Она не укоряла, не убеждала, не говорила о позоре и ужасе этих преступлений, о позоре и ужасе такой жизни, – она меняла компрессы, оправляла подушки, бинты, и от этого в бараке, в самом воздухе стояла напряженная убежденность, что был позор и ужас, но что это было, а теперь начинается другое, начинается иная жизнь, иные мысли, иные отношения.

И никто об этом не говорил, никто даже для себя не формулировал этого в голове, но оно стояло в глазах, в движении руки, во внутреннем – независимом от внешнего, логического, формального – смысле речей, слов, восклицаний.

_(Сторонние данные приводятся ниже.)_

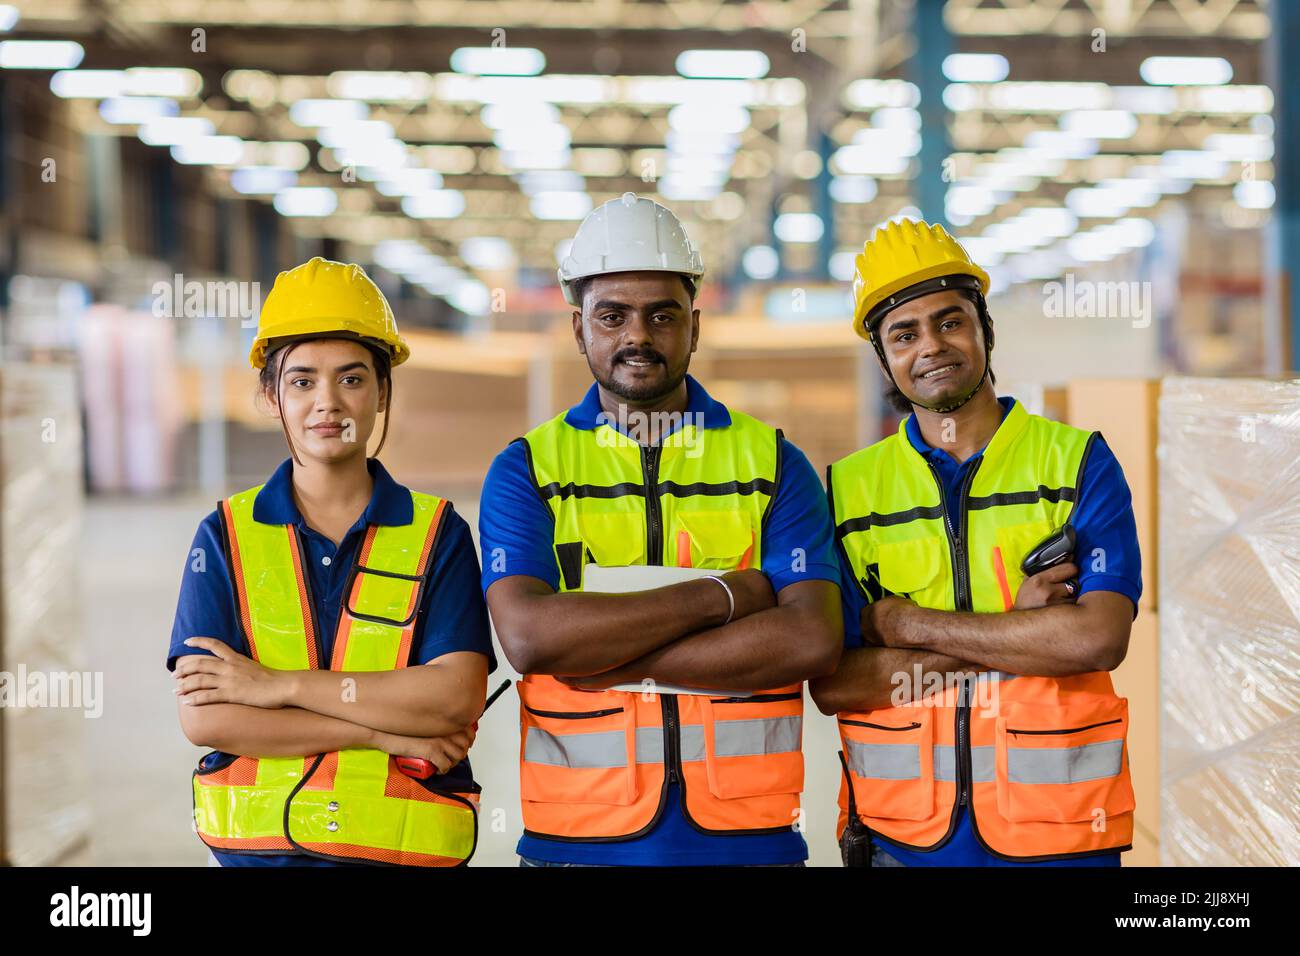 Groupe de personnes d'ingénieur travailleur indien hispanique latin confiant sourire debout dans un grand entrepôt d'usine Banque D'Images

– Сестрица, завсегда я голодный был,

одно слово – прожора, – говорил востроносый, любовно и мягко глядя на сестру, – тут вот ты накормила впервой. А поглядеть, что такое – каша, и больше ничего. На воле и трескать бы не стал, свиньям бы выкинул, вот как перед господом.

– Она хоша каша, ну пользительность свою имеет… для внутренности…

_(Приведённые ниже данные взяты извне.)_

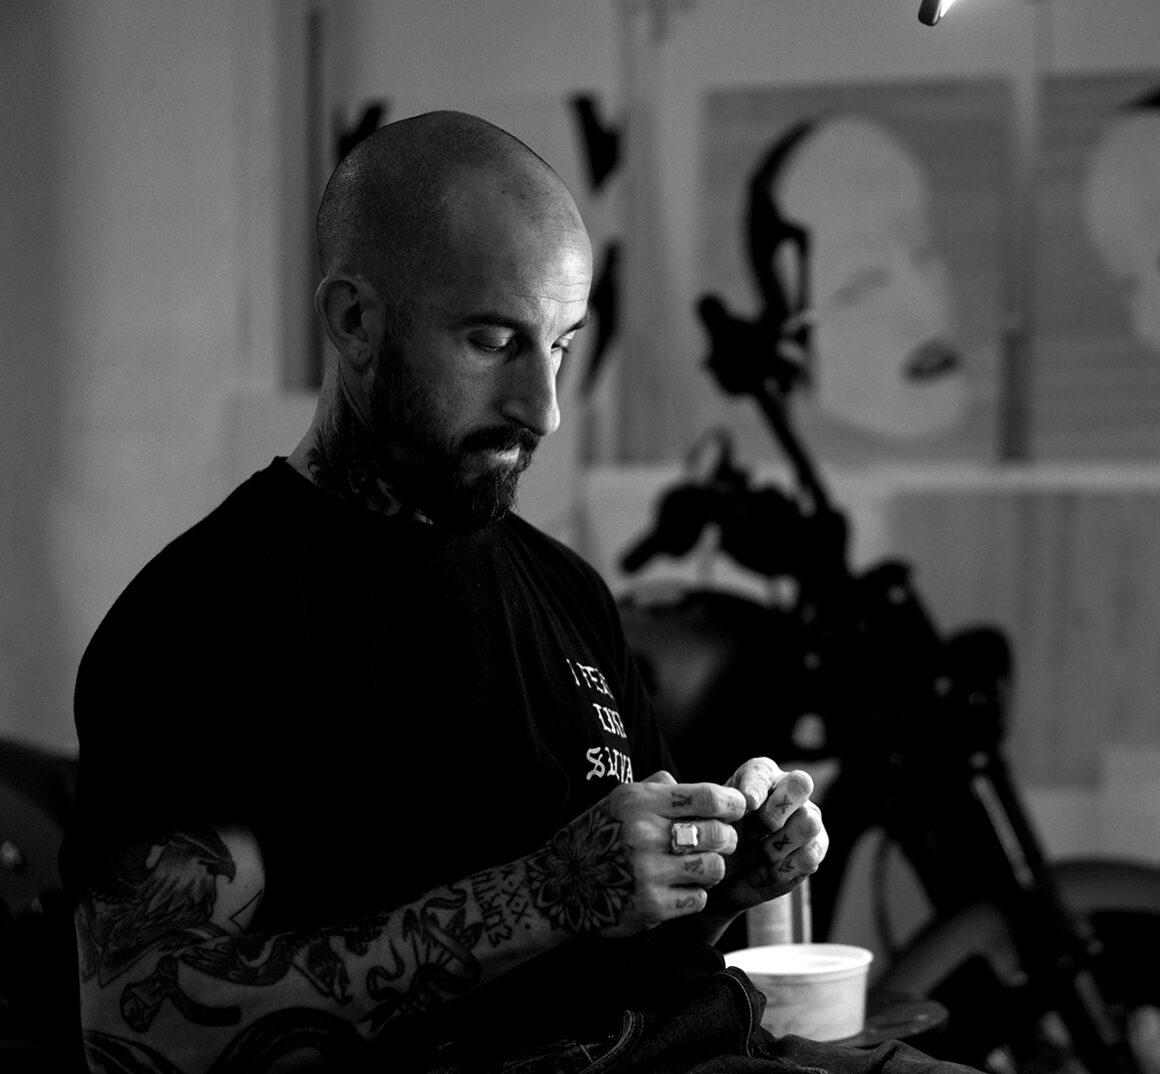 แรงบันดาลใจจากญี่ปุ่น และการเคลื่อนไหวที่สง่างามในเส้นสีดำในรอยสักของ Oscar  Hove - ลายสัก รอยสัก ช่างสัก ร้านสัก tattoo

– Заелся, идол, вот и морду воротит.

– Не кладите так руку – отекает, и вам будет тяжело, – говорила сестра тихим и слабым голосом, и сейчас же все на минутку примолкали, и ее было слышно в самых дальних углах.

II

Утром по бараку проходили врачи, и каждую ночь какая-нибудь койка освобождалась. Освобождались большею частью те, на которых лежали с простреленными животами и головами. И остававшиеся тяжелораненые с затаенным ужасом косили глазами на белевшее пустотой полотно коек. И все представляли, на минуту закрыв глаза, неподвижное молчание, трупный запах и желтые, таинственно мигающие огни перед образами в мертвецкой.

Востроносый лежал, закинув руки за голову, с остановившимися глазами. Он не видел ни пустых коек, ни больных, ни потолка, в который упорно смотрел, не слышал мягкого шлепанья туфель, говора и смеха выздоравливающих, тихого голоса сестры. Он видел одно, необъяснимое по своей бессмысленной жестокости: во всем мире нет человека, который дал бы ему кусочек кожи, маленький кусочек живой кожи.

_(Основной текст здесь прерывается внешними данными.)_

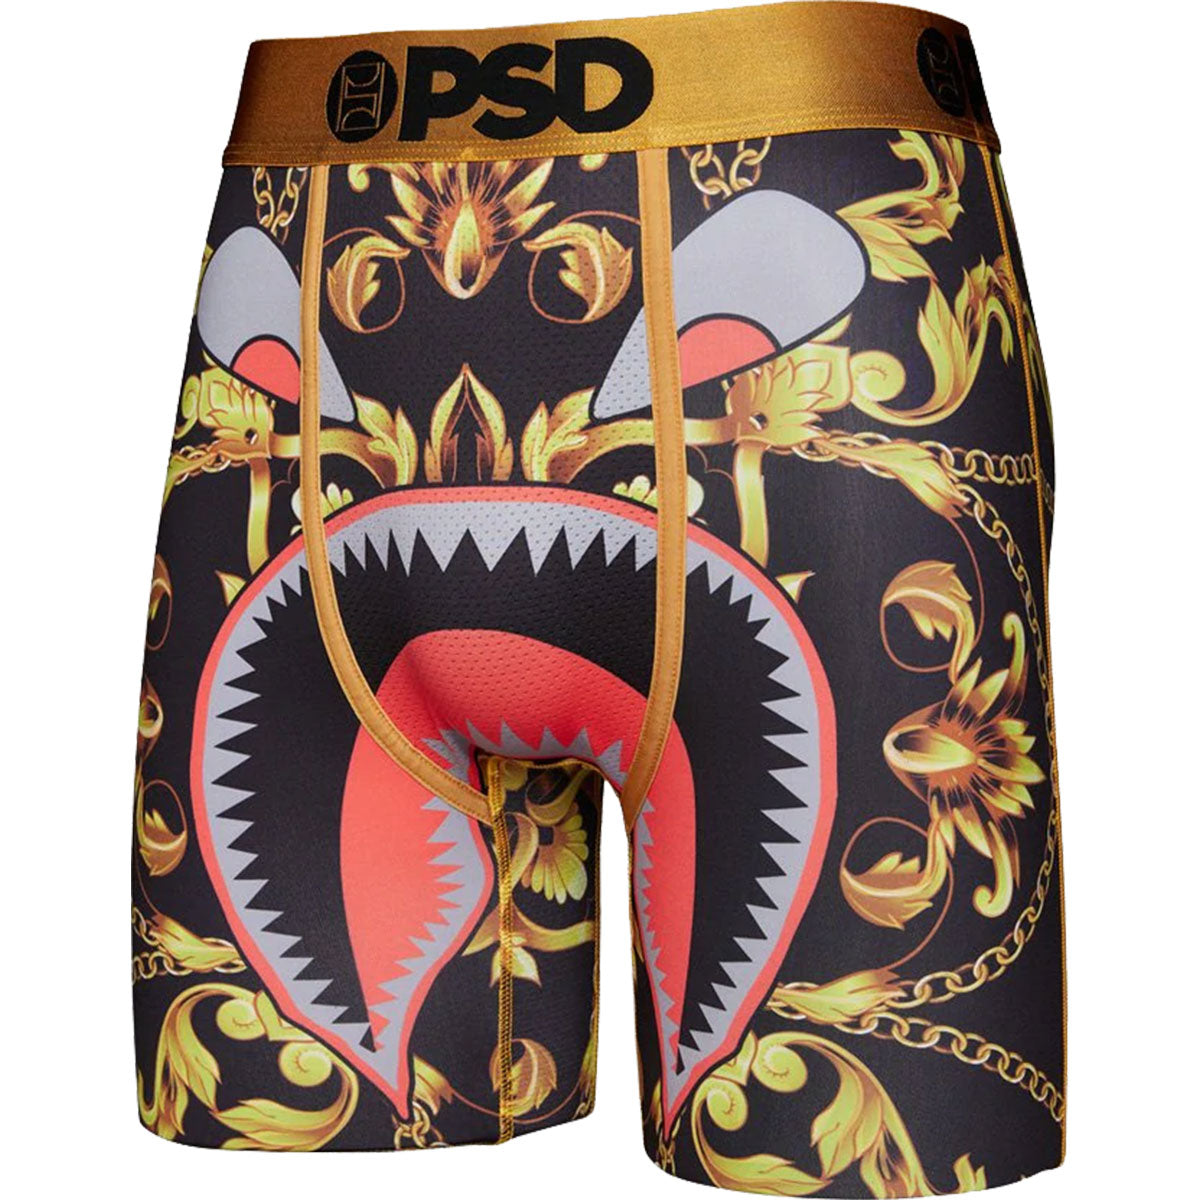 PSD Warface Luxury Boxer Men's Bottom Underwear (Refurbished

Этот кусочек он мог бы купить, если бы имел деньги. Каждый бы с радостью продал, протянув руку: «На, вырезай».

«За деньги всю человеческую шкуру купишь…»

Но у него не было денег. И о нем все забыли с тех пор, как он перестал юлить, как будто его уже не было в бараке, как будто его оттащили туда, где тяжело стоял трупный запах и затаенно мигали желтые огни.

А он примолк с тех пор, как врачи, разбинтовав его бок, долго возились над ним и горячо говорили о чем-то между собою. Потом старший доктор сказал:

– У вас есть родные?

– Кто ж их знает? Может, в деревне и есть… давно по городам шляюсь.

Доктор помолчал и посмотрел в окно.

– Видите, нужно, чтобы кто-нибудь согласился… согласился пожертвовать вам кусок кожи, небольшой кусок кожи. Вырезать и перенести вам на бок, – через две недели вы будете совершенно здоровы. Ну, а если…

Доктор развел руками и поднял брови, как бы хотел сказать: «Что ж я! Ничего не могу сделать».

– Сдохнешь, и отволокут, – хладнокровно проговорил фельдшер, когда вышел доктор, – потому без кожи рана твоя не затянется.

С тех пор востроносый замолчал, неподвижно лежал, заложив руки под голову, и все о нем забыли.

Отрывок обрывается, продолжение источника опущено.